4 Responses to “Rudd Addresses United Nations”
  1. david singer says:

    Mr Rudd states:
    “Secondly, we believe that such direct negotiation should occur on the basis of the 1967 boarders (sic)plus appropriate and agreed land swaps.”

    My comment:

    1. There are no 1967 borders – only 1949 armistice lines. How our FM can make such a gaffe is beyond me. An armistice line is not – and never has been – a border. It marks where Israel and Jordan and Israel and Egypt stopped fighting in 1948 – nothing more, nothing less.

    2.He is saying that Australia will not in future accept Security Council Resolution 242 as the only binding resolution on the parties for resolving the Jewish-Arab conflict – which includes all States in the region.

    “Secure and recognized boundaries” are the key words of 242 that Mr Rudd wants to throw to the wind.

    If he thinks secure borders that can be achieved by swapping 100 sq kilometers of land for 100 sq kilometers of land he is living in cuckoo land.

    Canvassing for a seat on the UN Security Council – Mr Rudd obviously thinks ignoring Security Council Resolutions can gain Australia far more votes than insisting Security Council resolutions be respected and observed. Given the UN track record he is probably right.

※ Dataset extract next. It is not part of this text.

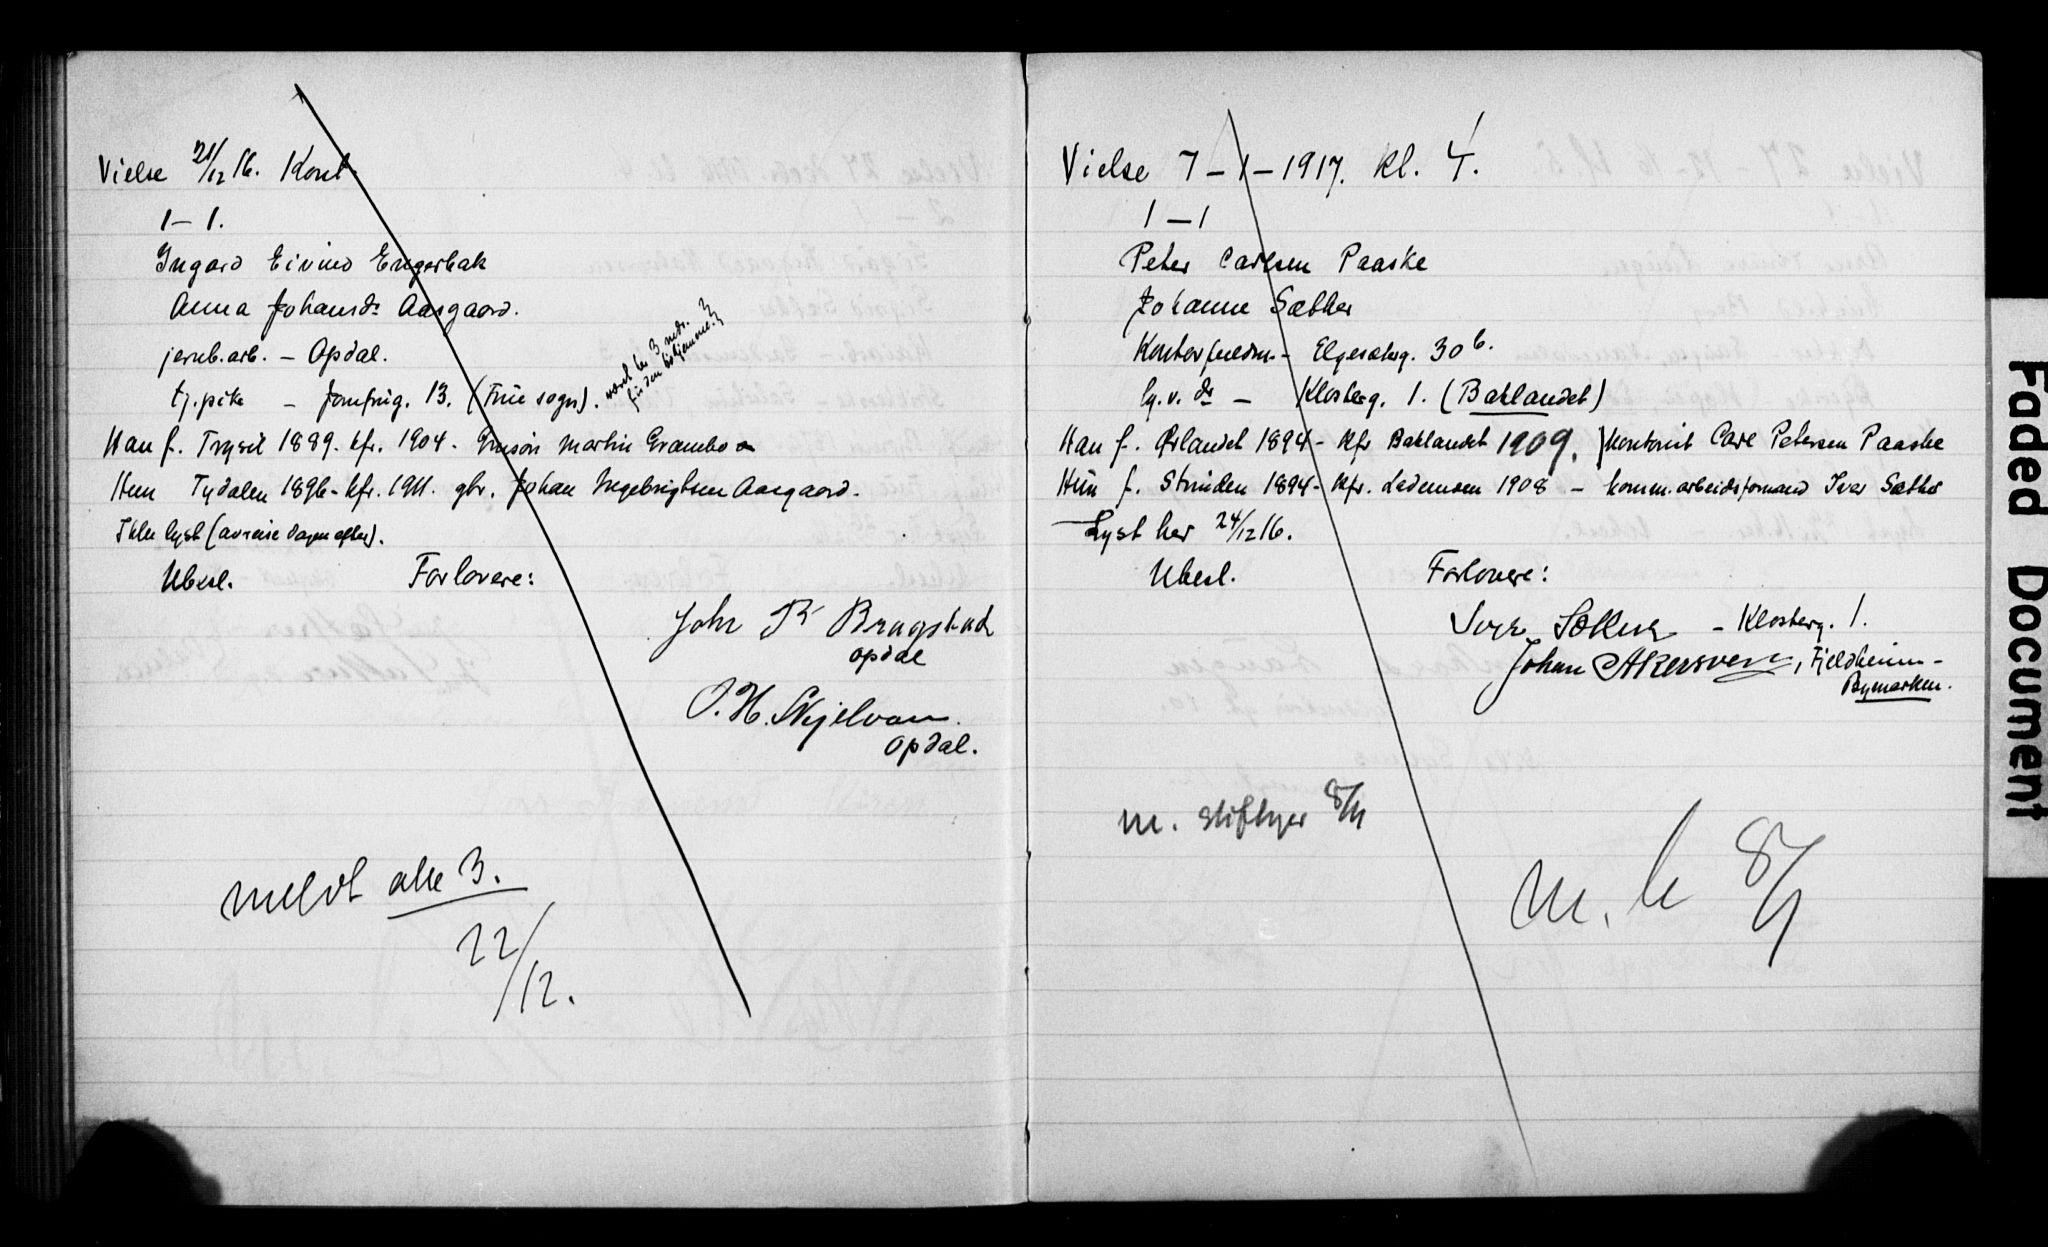 SAT, Ministerialprotokoller, klokkerbøker og fødselsregistre - Sør-Trøndelag, 601/L0076: Lysningsprotokoll nr. 601B09, 1915-1917

    However I would expect any Australian Government to reject such a proposition and not sell its soul to the devil. Is that the level to which Australia is sinking?

  2. Eric Peters says:

    God gave Israel a magnificent victory in 1967 in 6 days. Hold your nerve in the face of current adversity Israel, and remember Who fights for you.
    “If My people who are called by My Name, will humble themselves and pray, and turn from all wicked ways, then will I hear from Heaven…and heal their land.”
    The pressure on us all currently, is to remember our Source of supply and invoke His Supernatural intervention.
    We could well spend all day tearing down political figures…they are just men…lets set our hearts to pray for them like never before, without prejudice, and hang all on our Mighty Deliverer…we are not wrestling with men but spiritual wickedness in high places…We pray for the peace of Jerusalem, and our beloved Israel…amen.

  3. Otto Waldmann says:

    Foreign Minister Kevin Rudd made me ashamed of being Australian. This is what real leadership should NOT be like. Nothing realistic, honest, with the slightest tangent on facts and very transparent belligerant policies of all things Palestinian that ambitious and vain Mr. Rudd seems to have acknowledged. No considerations based on reality from our Mr. Rudd as he insinuates that the status of Jerusalem, for example, should be included in the peace negotiations, or, similarly, the palestinian rights to return to a land which does NOT belong to them etc.
    Rudd’s angles on Australia’s forreign policy vis a vis the ME, are a drastic departure from the traditional position on Israel since the foundation of the JEWISH State. Rudd is anything BUT Australian in this respect, but all personal agenda. Yet, in the larger picture, Rudd DOES represent “his” Government and, as such, Australian Labor has itself betrayed the same tradition of full support for Israel. Numbers at the UN aside, the very details of the foreign policy of the current Government matter.For those Jewish communal leaders, most of whom are loyal Laborites, the clear, MOST transparent departure of their political Party choice from solid pro Israel policy has been a reality they have been keen to deny. It is seriously doubtful that a firmer Jewish communal leadership stance with the Australian Government would have made any difference to Labor’s foreign policy on Israel, but we, the communal “electorate”, deserve a much better service from our elected leaders !!!

  4. Paige says:

    Foreign Minister, Kevin Rudd made me proud to be Australian! This is what real leadership is about – a realistic plan for Middle East peace. Generations of children in the Middle East will be forever in his debt! ….he brings to life the UN Convention on the Rights of the Child….all children deserve to be raised in peace.